Lehrer im ersten Beförderungsamt/ Amtszulage / A13 für alle

  • Oder die SL müsste alle Entlastungsstunden einkassieren, um genug Stunden im Topf zu haben. Dann sollte die SL eine Liste mit absteigender Priorität anfertigen welche Funktionen wichtig sind und dann wird von oben runter so lange der Entlastungstopf bemüht bis er leer ist. Bei den Aufgaben, die dann nicht mit Ermäßigungsstunden hinterlegt sind, muss man sich überlegen, ob man sie überhaupt benötigt.

    Gerne noch einmal: zu den Aufgaben von Lehrkräften gehören so oder so bereits auch Tätigkeiten dazu, die nicht unmittelbar mit dem eigenen Unterricht zu tun haben. Diese sind in der Lehrerarbeitszeit bereits mit eingepreist. Die Entlastungsstunden sind für den Ausgleich besonderer Belastungen vorgesehen. Die Übertragung einzelner außerunterrichtlicher Aufgaben stellt an sich aber noch nicht automatisch auch eine besondere Belastung dar.....auch wenn hier im Forum und auch in den Kollegien von einzelnen immer wieder von "Extraaufgaben" die Rede ist, sobald es nicht um den eigenen Unterricht geht. Nur ist diese Darstellung sachlich falsch.
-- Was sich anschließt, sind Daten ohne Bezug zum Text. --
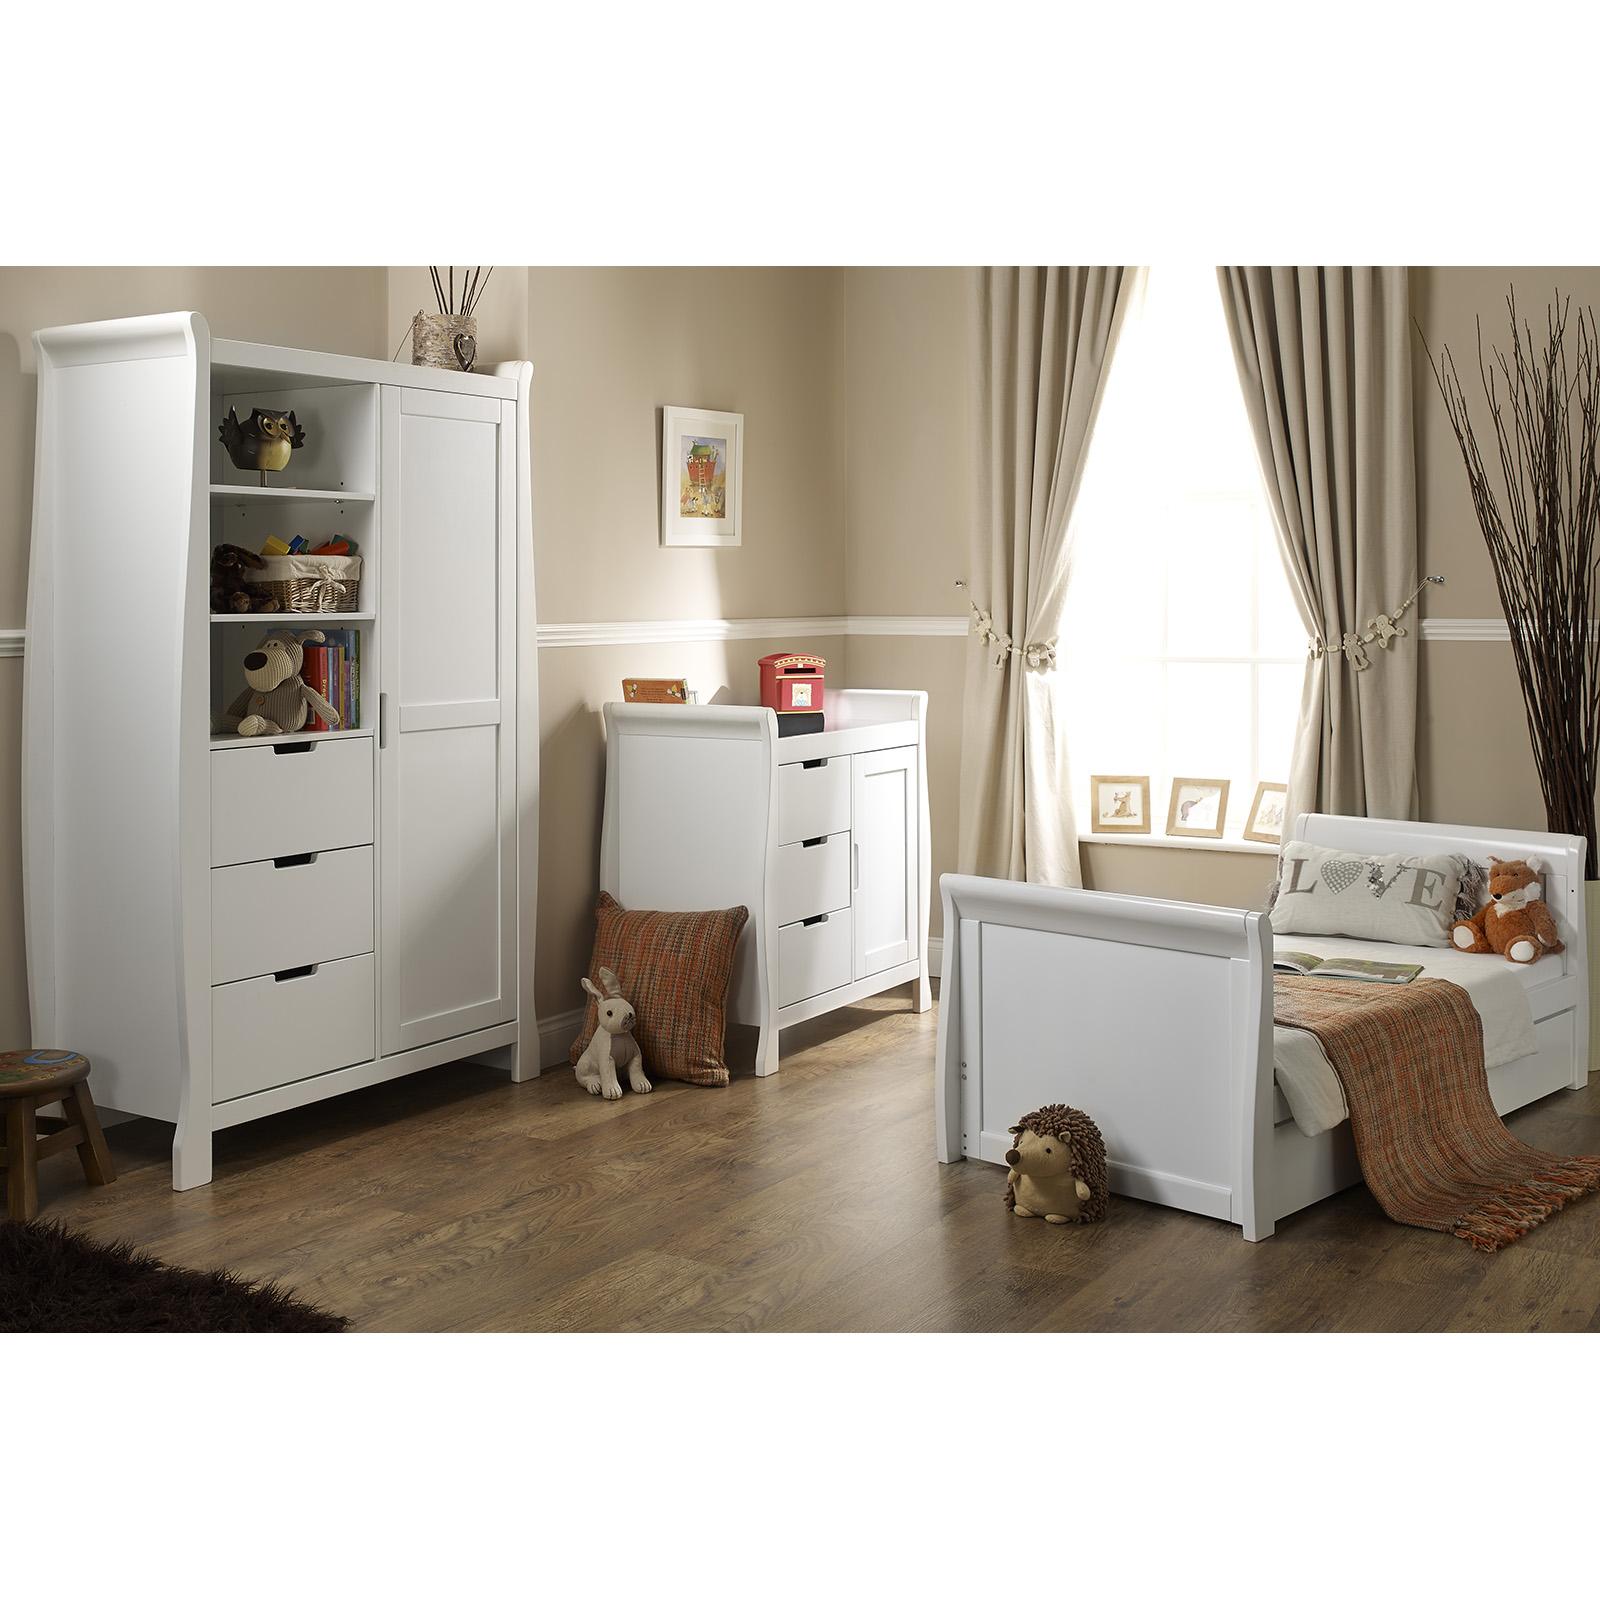 Sleigh Beds At Argos : Obaby stamford sleigh piece room set white buy at

  • Ach, wenn das eh von jedem die Pflicht ist sich in der Schulentwicklung zu engagieren, dann können wir die Beförderungen der Gymnasien von 65% einfach gleichmäßig auf alle Schulformen verteilen. Dabei ändert sich ja anscheinend nichts. Müssen die SL nur die Entlastungsstunden besser verteilen.😎

  • Die Idee, Beförderungsstellen mit Aufgaben zu verbinden, stammt ja nun wahrlich nicht von den Kollegen im Schulbetrieb. Sie dafür zu kritiseren, dass sie bei diesem Spiel gezwungenermaßen mitmachen, ist schon ziemlich daneben.

    Sie sind dazu keineswegs gezwungen. Da müssten wir uns die Motive der KollegInnen, die befördert werden wollen, ansehen.

    Gruß
    #TheRealBolzbold

    Ceterum censeo factionem AfD non esse eligendam.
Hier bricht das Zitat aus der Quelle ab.